Las Vegas Dude said:


> If the story is true it's sad that a 12 year old would be in that bad of shape mentally. I wonder if the garage was closer and she had walked would the parents sue the city for providing sidewalks that made it convenient to get to the garage.


Of course not, because it's not the sidewalk's job to refuse to let unaccompanied minors walk on it.


----------



## Gandler (Jan 27, 2019)

I feel terrible anytime somebody feels the need to take their own life or even consider it. 

But, what does this have to do with Uber? 
She did not tell the Driver her intentions. She could have easily walked, biked, or hitchhiked to the garage...

Also, what if she was 18, would Uber still be at fault for "facilitating", most people who attempt suicide are over 18..... 

I feel terrible for the family. But, also the Driver, because he is being made to look like he should have known or prevented..... He will probably be the one that is punished. 

If uber is really concerned about underage passengers, make them upload proof of age as drivers must and link their account to a phone or device so that parents can't call an Uber for their child.... But, they will not because that may effect their profits.....


----------



## Demon (Dec 6, 2014)

Michael1230nj said:


> Let's not take a Tragedy, involving a poor confused unbalanced child. And trivialize it by blaming the Driver.

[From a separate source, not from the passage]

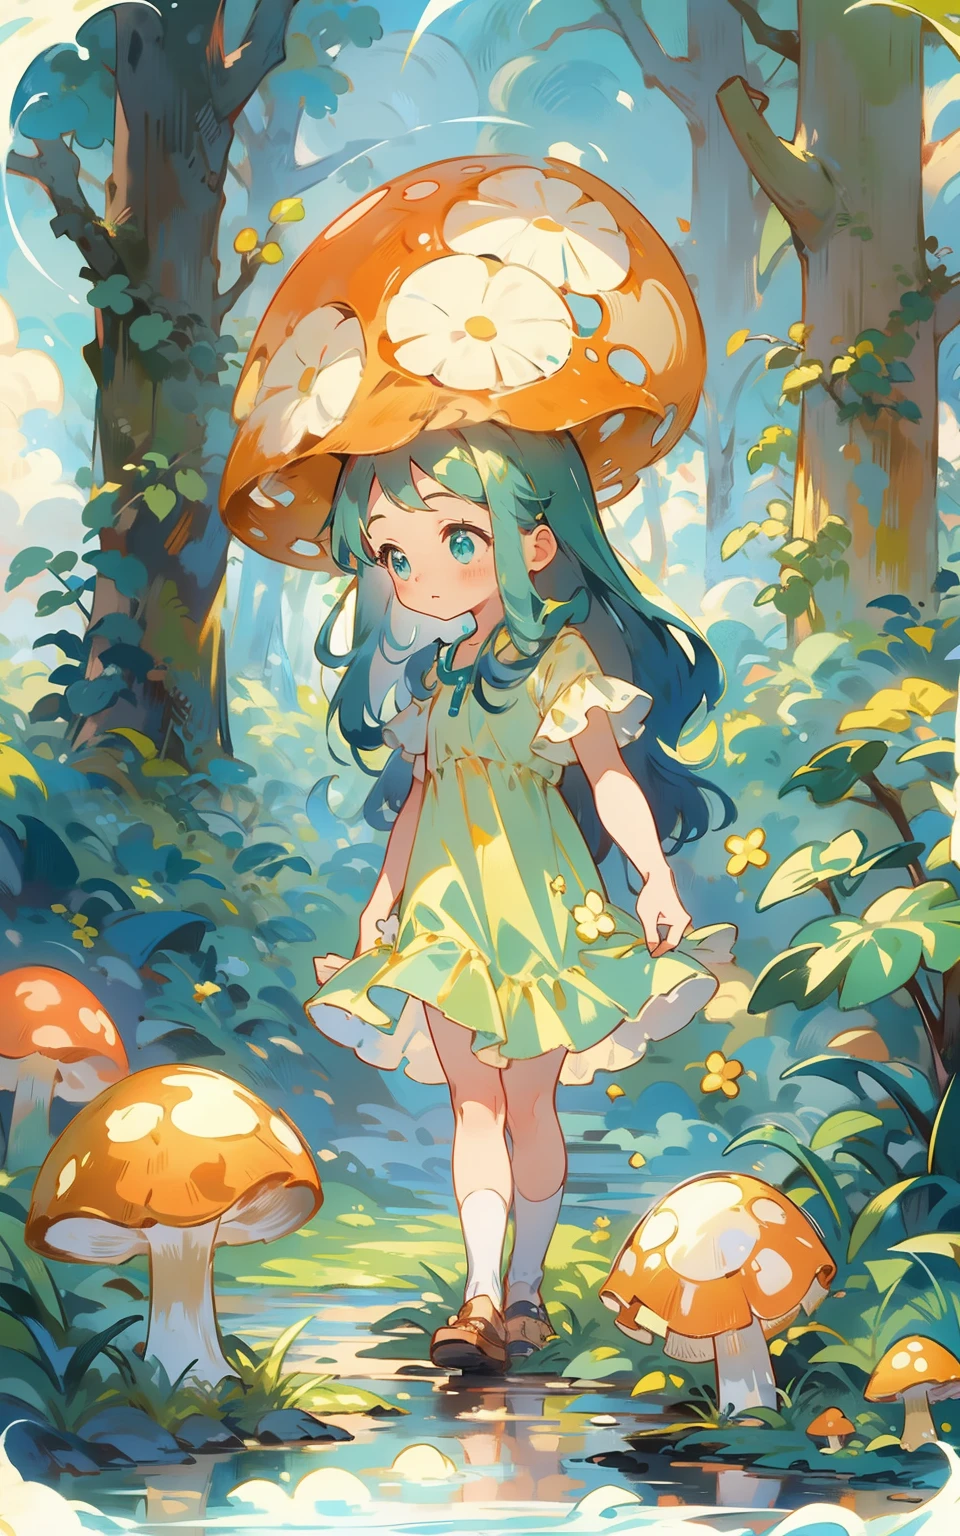 森童话： 在一片神秘的森林里，一个穿着绿色连衣裙的可爱少女，她站在一条绿树环绕的小溪边，他手里拿着一个蘑菇，眼神里流露出好奇和天真。周围是长满青苔的石头和蓝天白云，整个场景充满了自然和童话的气息。

Right? It's crazy the driver would even be involved in this simply because he didn't do his job properly.


----------



## steveK2016 (Jul 31, 2016)

UberchickATL said:


> My heart goes out to these parents. I think U/L does share some responsibility and drivers are stupid to risk taking them too. I don't drive them if they appear to be under 18; there is too much risk. I wait 5 minutes to collect my fee, then report them as minors. U/L does not deactivate them so they just wait a few minutes for the next ant to take them.

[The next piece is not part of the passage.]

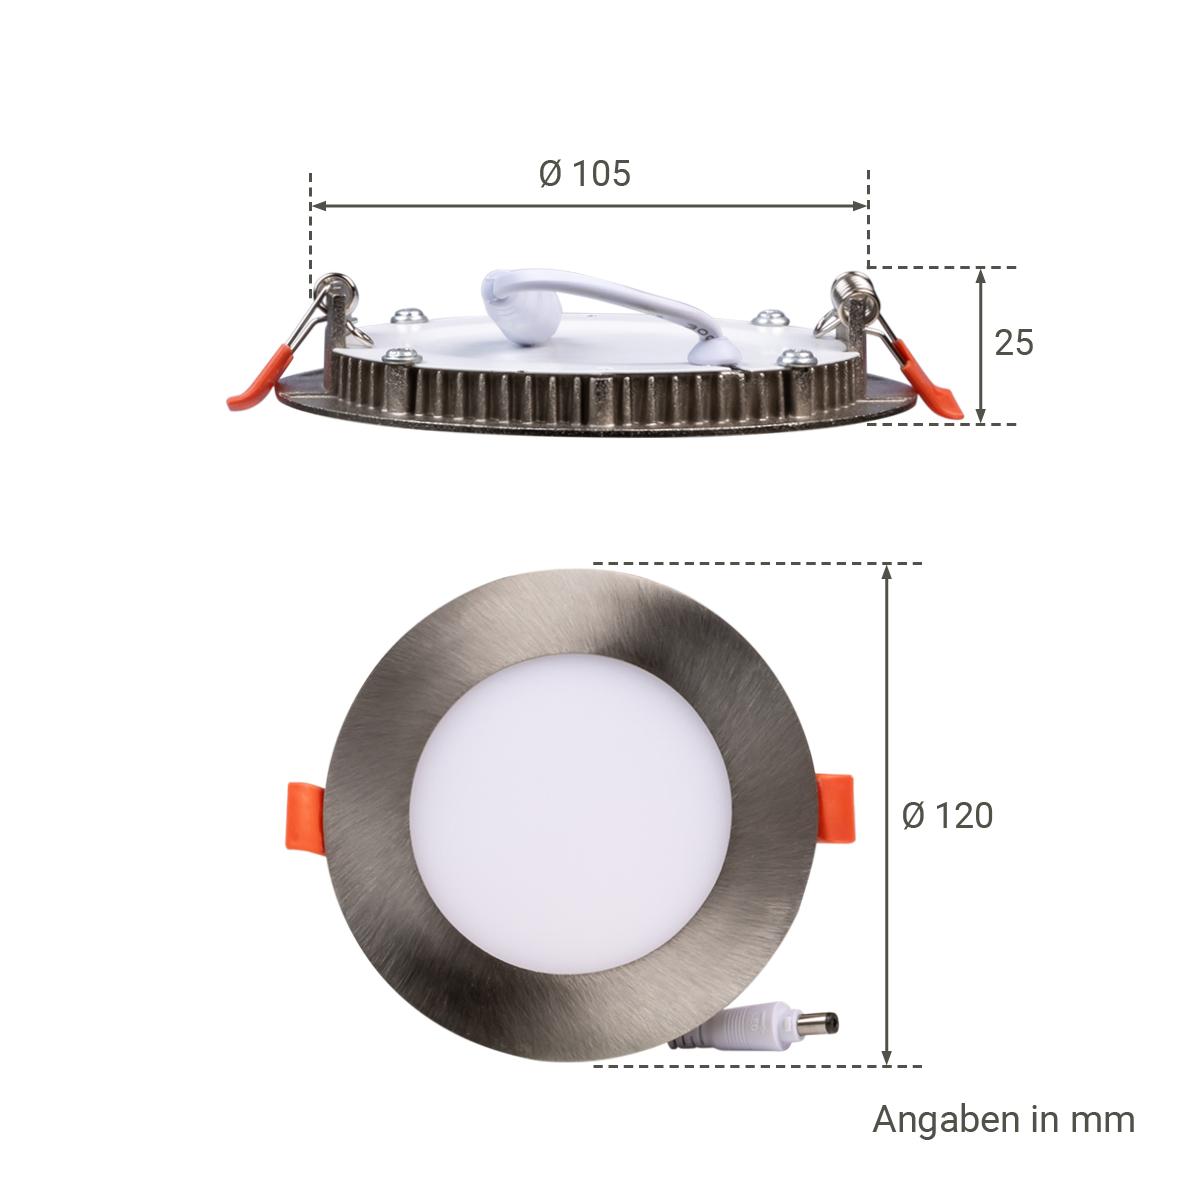 LED Panel Einbaustrahler rund silber - Lichtfarbe: Neutralweiß 4000K - Ausführung: 6W Ø120mm Ausschnitt Ø105mm

I have no sympathy for her parents. What the **** were they doing that made a 12 year old suicidally depressed then has the nerve to blame someone else for her suicide? The core of suicidal inclination is their home life. Uber nor the driver made that 12 year old depressed but I guarantee her parents are a factor in her depression.


----------



## Stevie The magic Unicorn (Apr 3, 2018)

Las Vegas Dude said:


> If the story is true it's sad that a 12 year old would be in that bad of shape mentally. I wonder if the garage was closer and she had walked would the parents sue the city for providing sidewalks that made it convenient to get to the garage.


Reality is she could have easily walked to the highway and jumped in front of a truck to


----------



## steveK2016 (Jul 31, 2016)

Demon said:


> We are not talking about a hypothetical at all.
> The policy is that an unaccompanied minor can not be given a ride. That policy was not followed by Uber or the driver.
> What possible defense do you think any lawyer will mount to slam dunk this??
> This will never see the court room. Uber will settle this.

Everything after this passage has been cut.